Several recommendations for further research emerged during the discussion of the current study. First of all, I would like to recommend a review of existing research on the deep and surface approach to learning model in the light of the current findings. This model is one of the most recognized models within higher education. However, as Howie and Bagnall (2012) state, “deep approaches to learning have been transformed through conceptual slippage to ‘deep learning’ and then ‘deep processors’ and even a ‘deep learning style’, in the writing in this area” (pp. 396-397). Reviewing previous research with the current findings in mind could help to put this “conceptual slippage” right again.

During the study, several concepts emerged from the data that are worth further examination. These concepts were not core concepts, but nevertheless were important enough that they emerged repeatedly from the data. For example, further research could examine the students’ use of help and support strategies. When and why do students ask for help, and what influences whom they go to for support? A different research question could be whether spreading out personal resources evenly over the whole semester really leads to better results? Many educational researchers seem to assume this, as I conclude from the advice given in the implication-for-practice sections. However, as I have mentioned before no arguments can be found in the current study that students who procrastinate are less successful in terms of grade achievement.
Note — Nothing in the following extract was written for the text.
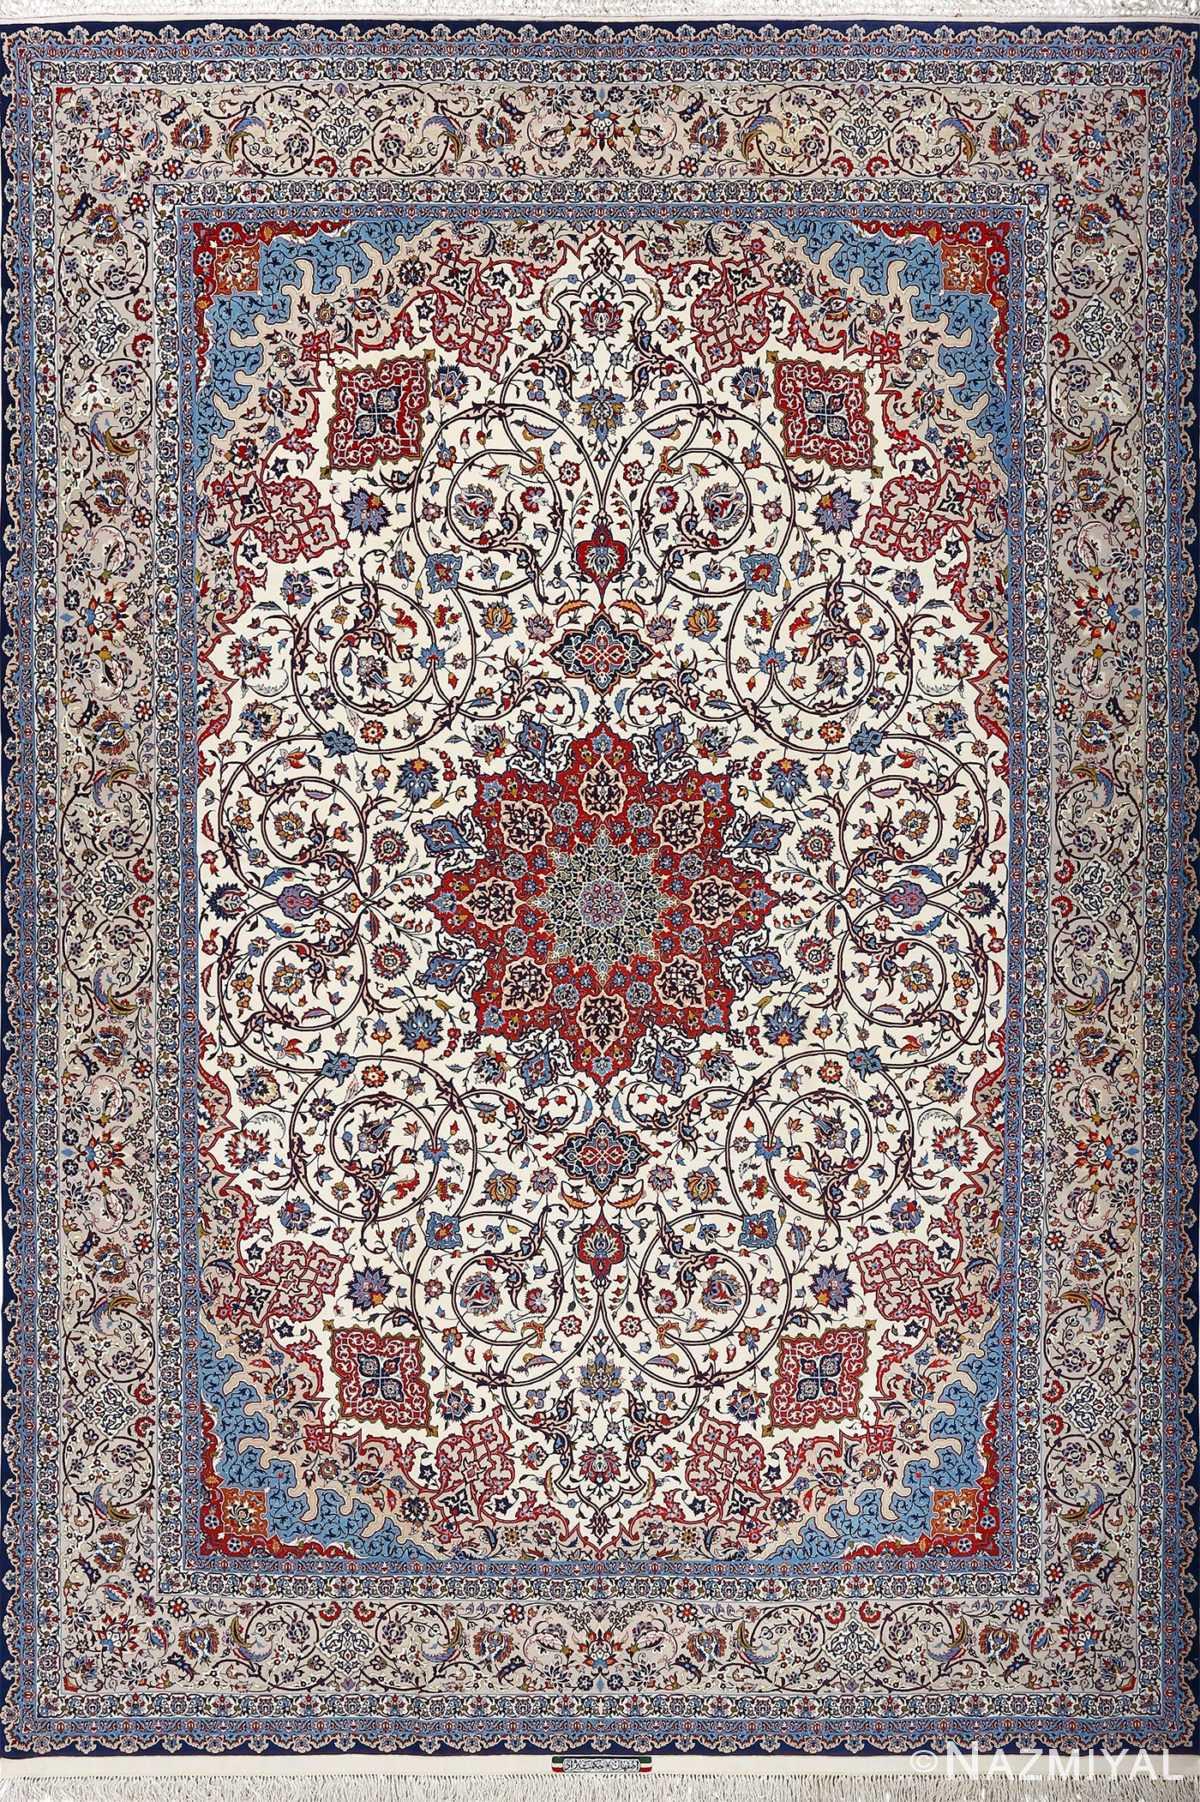 fine hekmatenejad vintage isfahan persian rug 51019 Nazmiyal
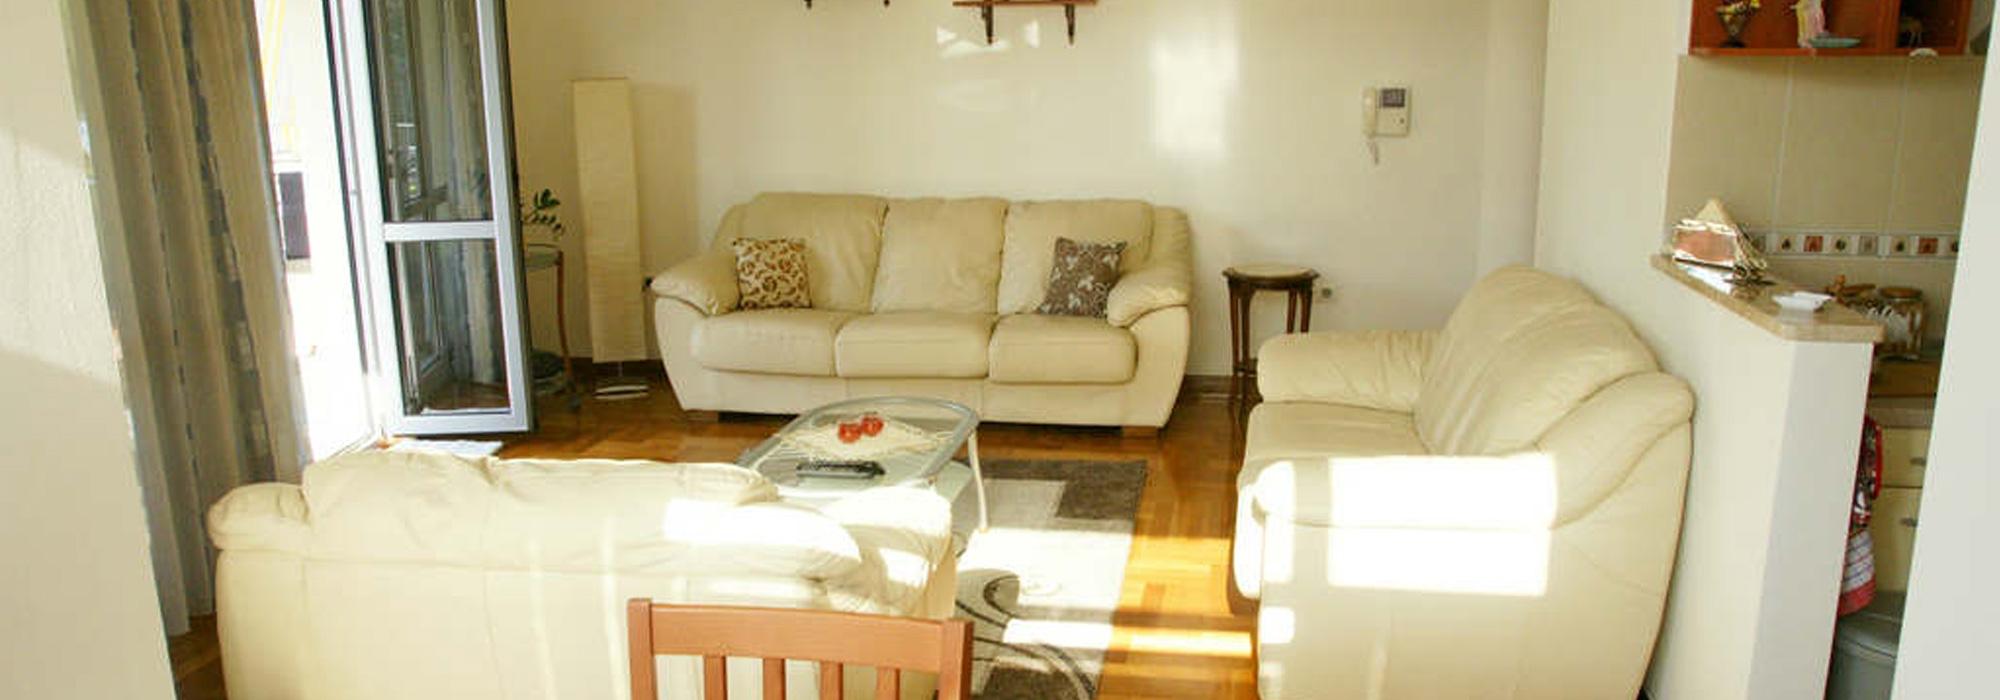 Apartment Budva, 54m2, furnished, great location

And finally, I would like to suggest that further research could be done to expand the substantive theory from this study with a comparative analysis of other theories related to personal resources or optimization. According to (Glaser, 1978, p. 144), one could use this approach to generate a formal theory on processes dealing with this topic. Other published grounded theories within this conceptual area that might be interesting to compare could be Routing: Getting around with emphysema by Fagerhaugh (1973) or Systematic avocating by Green and Binsardi (2014).

Conclusion

The theory of optimizing personal resources showed how students oscillate between conservation and investment strategies in order to make the best use of their limited amount of time and effort. Five conditions were identified that contribute to how a student experiences a study situation. Depending on each student’s individual evaluation of the current situation, different strategies are applied either to preserve or to spend personal resources more actively. The literature review showed that this strategic behaviour also is well known in other substantive areas such as gerontology and behavioral sciences. The theory provides a deeper understanding of the students’ perspective and can thus contribute to a more holistic approach to developing and designing courses.